14.	Read the O.D. absorbance at 450 nm in a microplate reader immediately after adding the stop solution.

ELISAアッセイを実施する場合、可能な限り最良の結果を達成するためにサンプルを準備することが重要です。以下に、さまざまなサンプルタイプのサンプルを準備するための手順のリストを示します。

サンプルタイプ	プロトコル
血清:	If using serum separator tubes, allow samples to clot for 30 minutes at room temperature. Centrifuge for 10 minutes at 1,000x g. Collect the serum fraction and assay promptly or aliquot and store the samples at -80°C. Avoid multiple freeze-thaw cycles. If serum separator tubes are not being used, allow samples to clot overnight at 2-8°C. Centrifuge for 10 minutes at 1,000x g. Remove serum and assay promptly or aliquot and store the samples at -80°C. Avoid multiple freeze-thaw cycles.
プラズマ:	Collect plasma using EDTA or heparin as an anticoagulant. Centrifuge samples at 4°C for 15 mins at 1000 - g within 30 mins of collection. Collect the plasma fraction and assay promptly or aliquot and store the samples at -80°C. Avoid multiple freeze-thaw cycles. Note: Over haemolysed samples are not suitable for use with this kit.
尿および脳脊髄液:	Collect the urine (mid-stream) in a sterile container, centrifuge for 20 mins at 2000-3000 rpm. Remove supernatant and assay immediately. If any precipitation is detected, repeat the centrifugation step. A similar protocol can be used for cerebrospinal fluid.
細胞培養上清:	Collect the cell culture media by pipette, followed by centrifugation at 4°C for 20 mins at 1500 rpm. Collect the clear supernatant and assay immediately.

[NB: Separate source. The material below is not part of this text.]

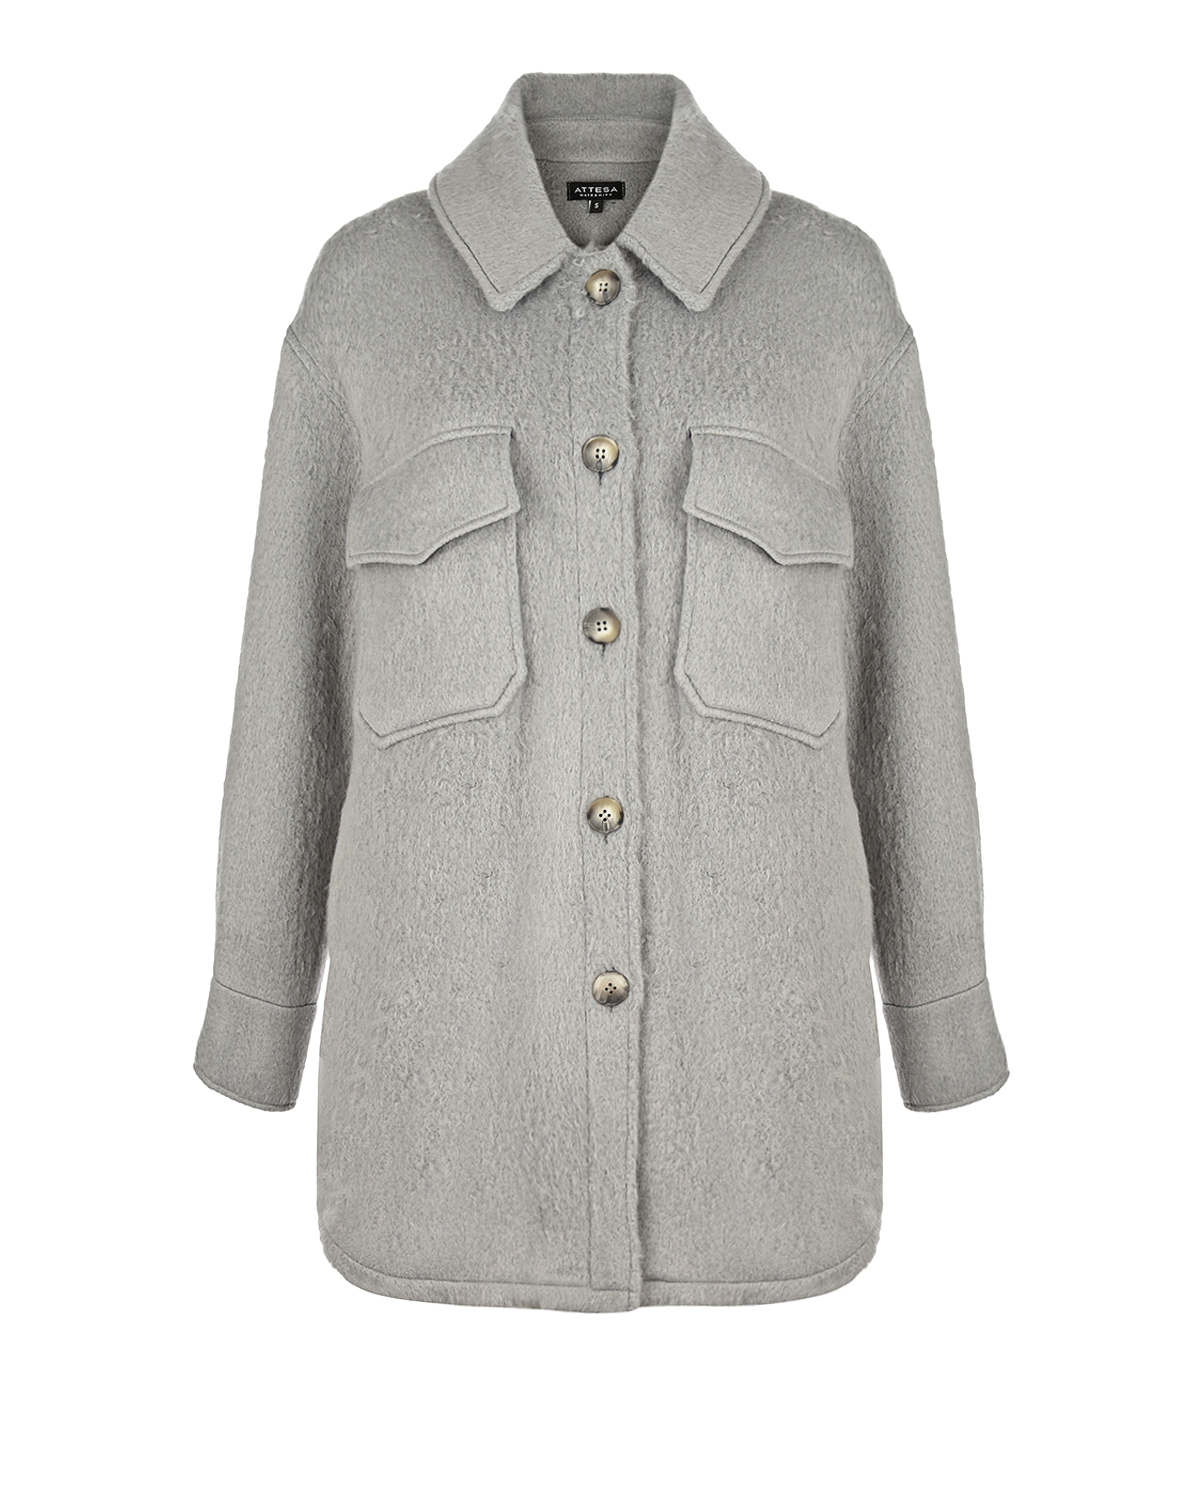 Серая куртка с накладными карманами Attesa, размер 38, цвет серый - фото 1

細胞溶解物:	Solubilize cells in lysis buffer and allow to sit on ice for 30 minutes. Centrifuge tubes at 14,000 x g for 5 minutes to remove insoluble material. Aliquot the supernatant into a new tube and discard the remaining whole cell extract. Quantify total protein concentration using a total protein assay. Assay immediately or aliquot and store at ≤ -20°C.

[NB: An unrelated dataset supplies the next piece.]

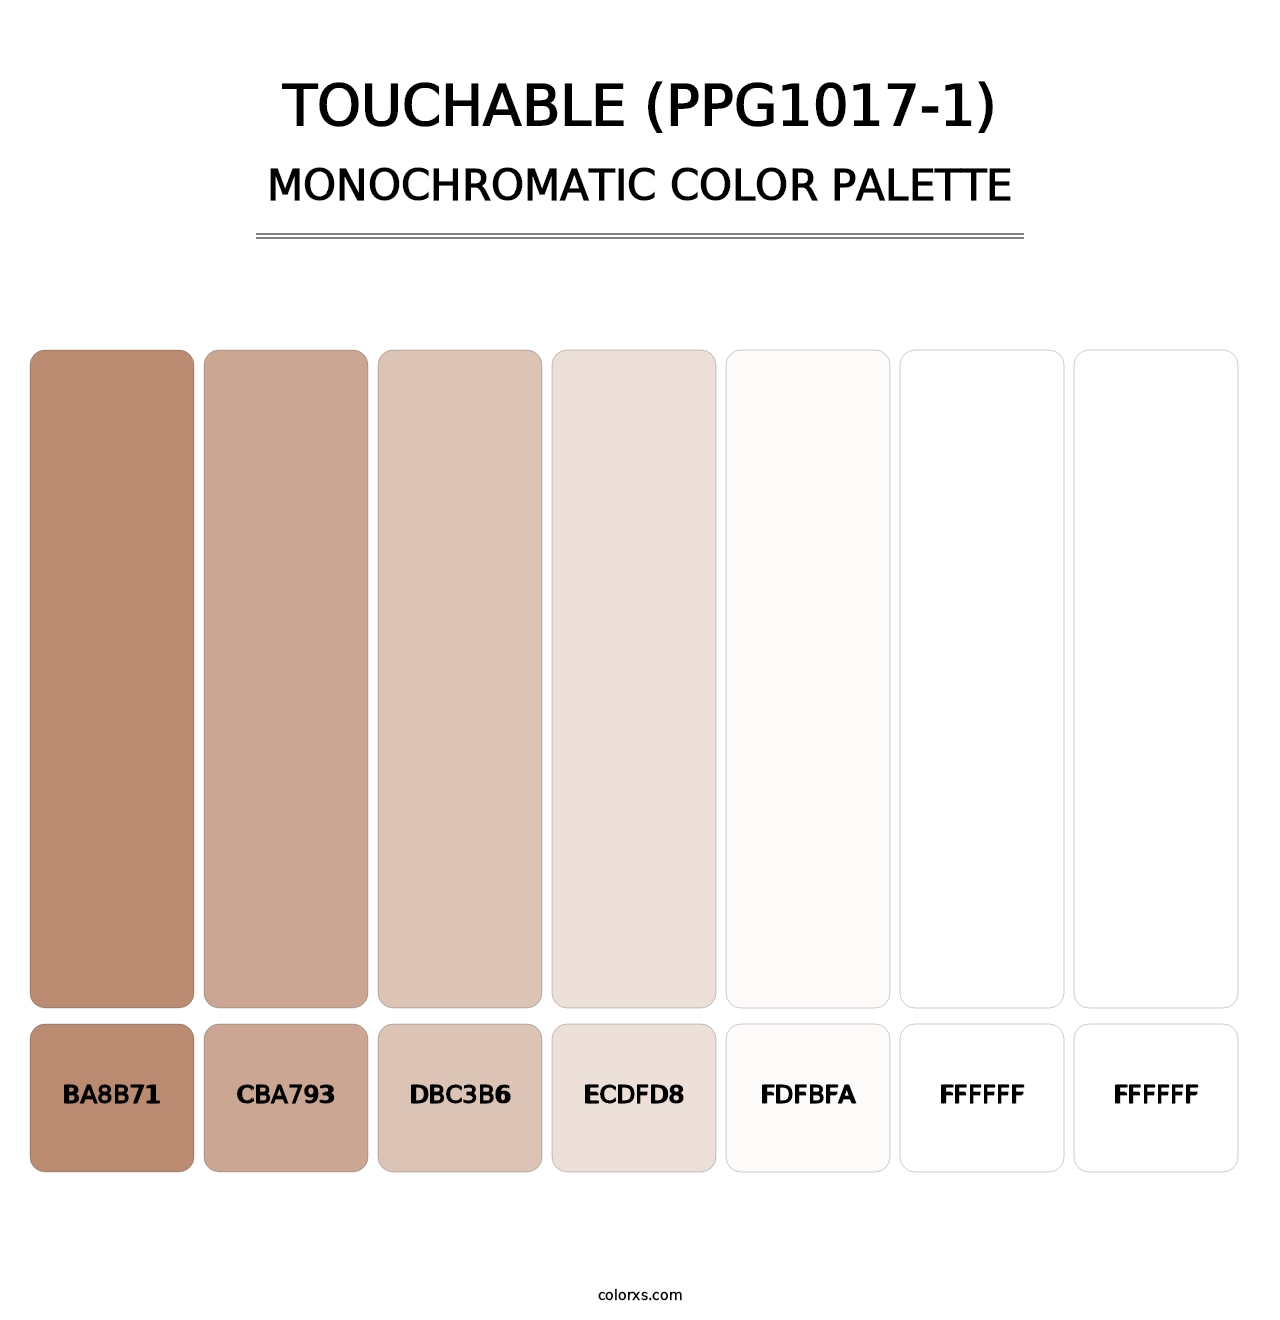 Touchable (PPG1017-1) - Monochromatic Color Palette

組織ホモジネート:	The preparation of tissue homogenates will vary depending upon tissue type. Rinse tissue with 1X PBS to remove excess blood & homogenize in 20ml of 1X PBS (including protease inhibitors) and store overnight at ≤ -20°C. Two freeze-thaw cycles are required to break the cell membranes. To further disrupt the cell membranes you can sonicate the samples. Centrifuge homogenates for 5 mins at 5000xg. Remove the supernatant and assay immediately or aliquot and store at -20°C or -80°C.

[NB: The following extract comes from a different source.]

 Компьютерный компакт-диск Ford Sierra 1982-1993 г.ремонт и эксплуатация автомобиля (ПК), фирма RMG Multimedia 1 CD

組織溶解物:	Rinse tissue with PBS, cut into 1-2 mm pieces, and homogenize with a tissue homogenizer in PBS. Add an equal volume of RIPA buffer containing protease inhibitors and lyse tissues at room temperature for 30 minutes with gentle agitation. Centrifuge to remove debris. Quantify total protein concentration using a total protein assay. Assay immediately or aliquot and store at ≤ -20 °C.
母乳:	Collect milk samples and centrifuge at 10,000 x g for 60 min at 4°C. Aliquot the supernatant and assay. For long term use, store samples at -80°C. Minimize freeze/thaw cycles.